Why conservatives are in retreat is a question worth pondering. A movement is more than just a collection of individuals. It has a life of it own, distinct from those of its members, which sets the terms of their debates. While individuals like Sen. Lott or my colleagues at NR just want to be reasonable and to avoid rhetoric they think might hurt the traditionalist cause, the conservative Zeitgeist often seems to be afflicted by a certain social-class anxiety. The movement is headquartered in New York and Washington. And in the atmosphere of such places, to cite Scripture or speak of gay sex as a sin unmitigated by the concept of "addiction" is to join the ranks of hillbillies as pictured by the Barney's-attired Easterner as he squints through the window on a cross-country plane trip.
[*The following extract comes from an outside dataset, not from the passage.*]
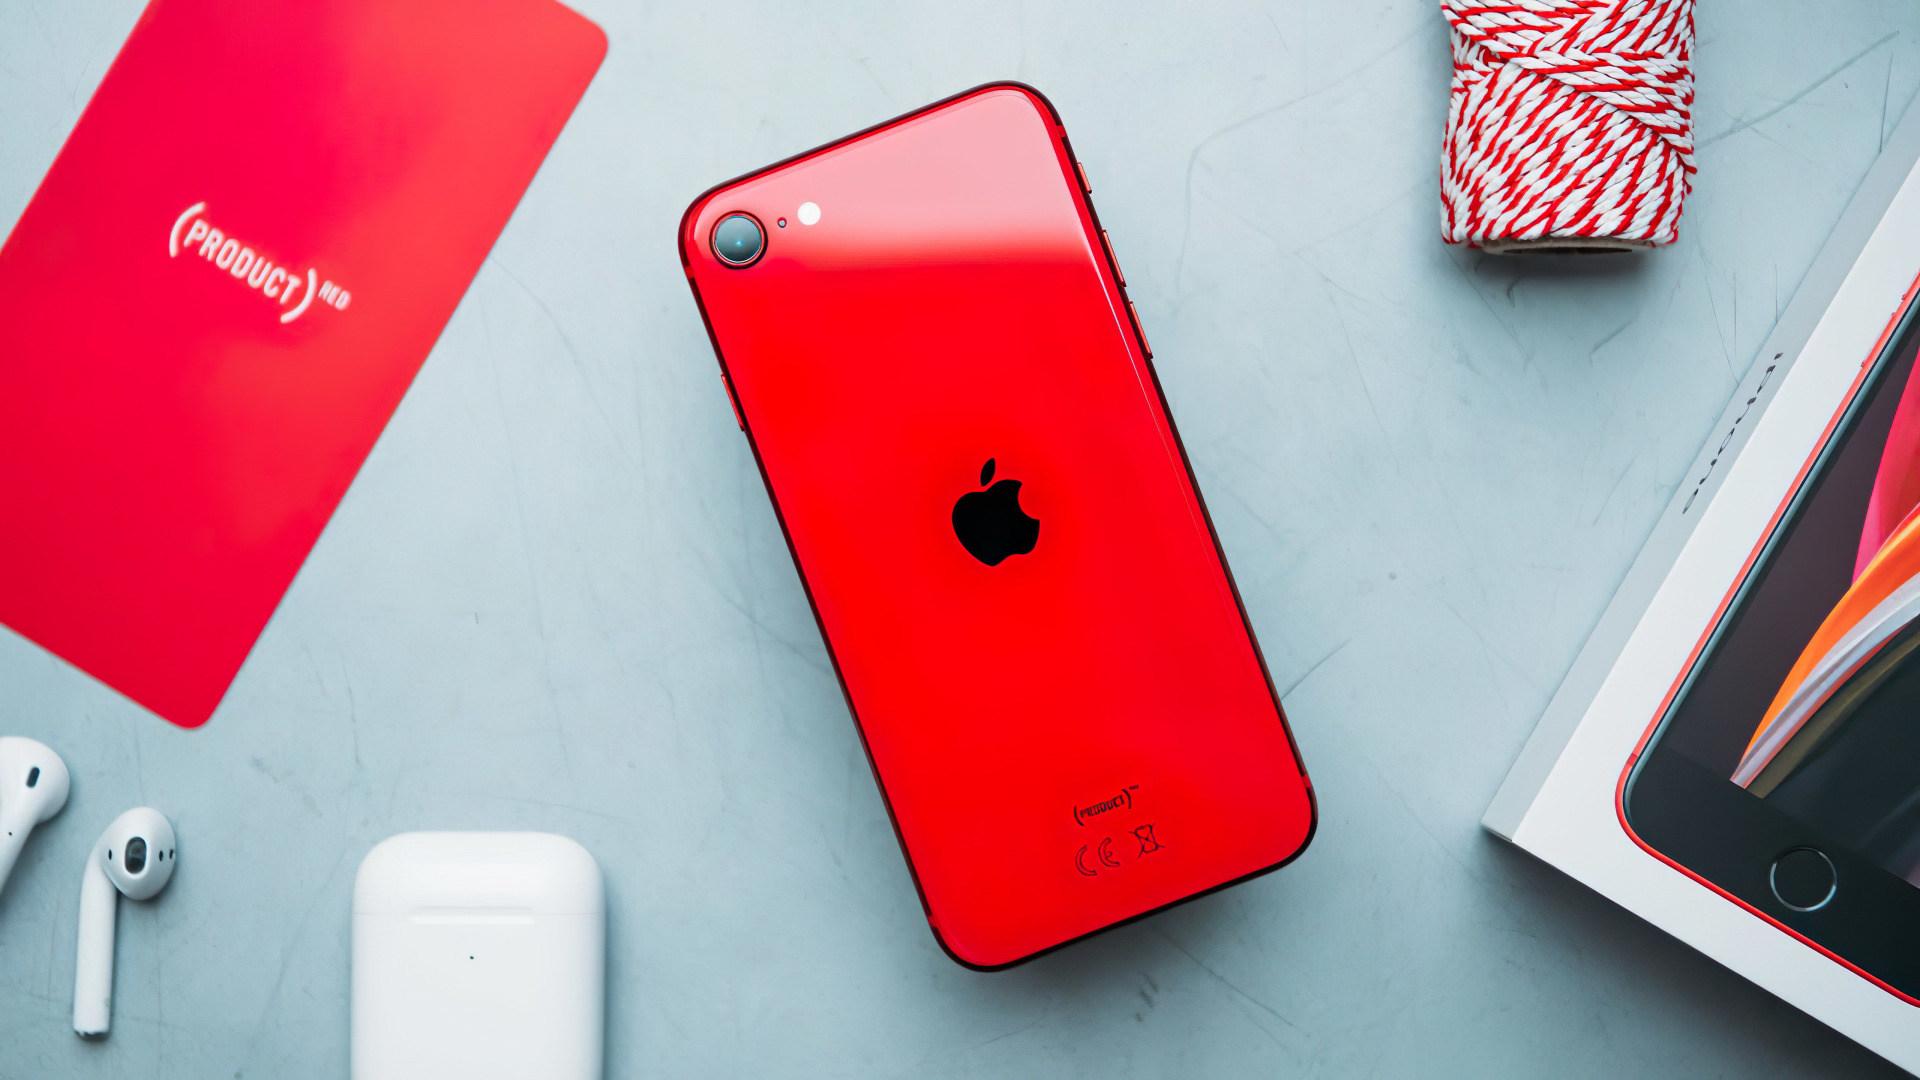 Smartphone, Apple, Iphone, Test, iPhone SE, Apple iPhone SE, Jonas Kaniuth, TechnikFreundYT, iPhone SE 2020, Apple iPhone SE 2020

So defy the Zeitgeist. How should conservatives think and speak about homosexuality? Rednecks, open your Bibles.

A widespread misconception needs to be cleared away, articulated lately in a Times op-ed piece. Literary Brit A. N. Wilson would have us believe that to regard the Bible as informative on sexual morality you have to accept all its prescriptions at face value. In the case at hand, a naive reading of Leviticus would appear to require the death penalty for sodomy. Ergo you can't "quote Scripture" about practicing homosexuals unless you also want to execute them.